What is the Deep Web and How Does It Work?

Source: Thinkstock

In popular lore, the Deep Web is a den of vice and unspeakable horror. It is a place of child pornography and assassins for hire. It is also a place of fraud and criminal activities.

For example, the largest bitcoin-related scandal emerged from the Deep Web, when Ross Ulbricht Williams (otherwise, known as Dread Pirate Roberts) was identified as the owner of Silk Road, a Deep website that sold drugs. Williams was charged with selling drugs, money laundering and fraud. There is also speculation that, after a crackdown on its online activities on the visible Internet, ISIS may have moved to the Deep Web.

The Feds have also upped their game and increased monitoring of the Deep Web in response to news reports about criminal activity from there. The government defense agency DARPA developed Memex – a browser that crawls the Deep Web – and the Feds have asked Reddit to identify users on its forum for darknets.

Public interest about the Deep Web is at an all-time high. Unfortunately most of that interest skews towards negative stereotypes defined by sensational news stories.
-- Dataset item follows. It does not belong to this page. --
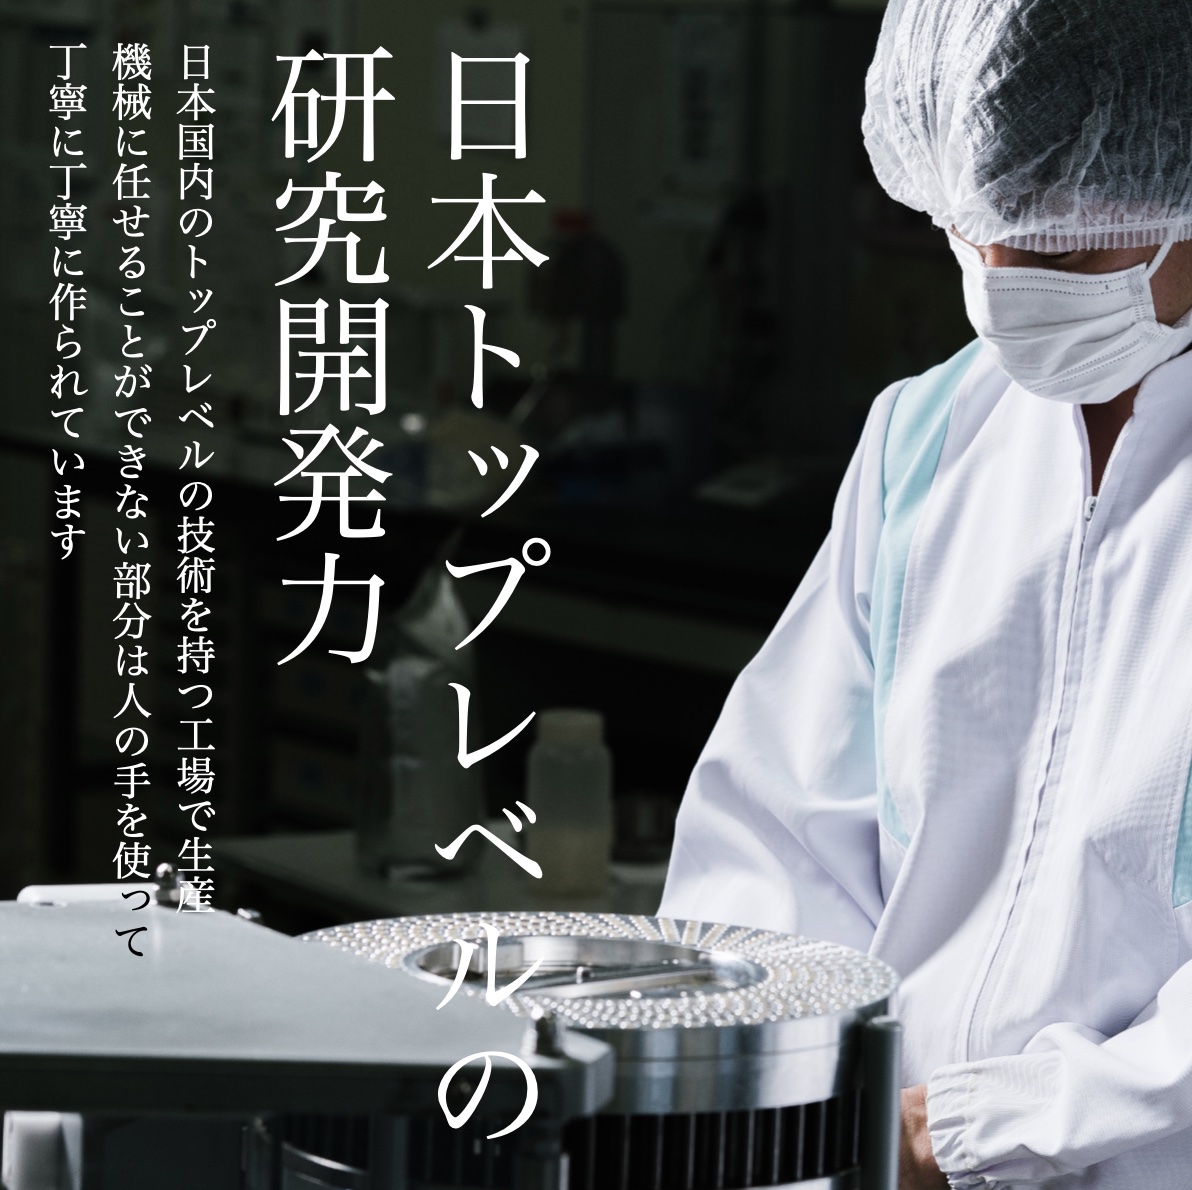 日本国内工場製造で厳密な酸化防止対策をしている更年期専門店オアディスワンの酵素サプリ「なまやさいのかわり」のイメージ

But the Deep Web is really much more than drugs and criminal activities. In fact, the Deep Web has philosophical underpinnings in the right to anonymity and free speech. For example, a number of sites there offer pirated material for free. In that sense, the Deep Web resembles the early days of the World Wide Web, when “information wants to be free” was a war cry among its enthusiasts. Similarly, not all sites and chat rooms on the Deep Web are devoted to criminal activities (see below).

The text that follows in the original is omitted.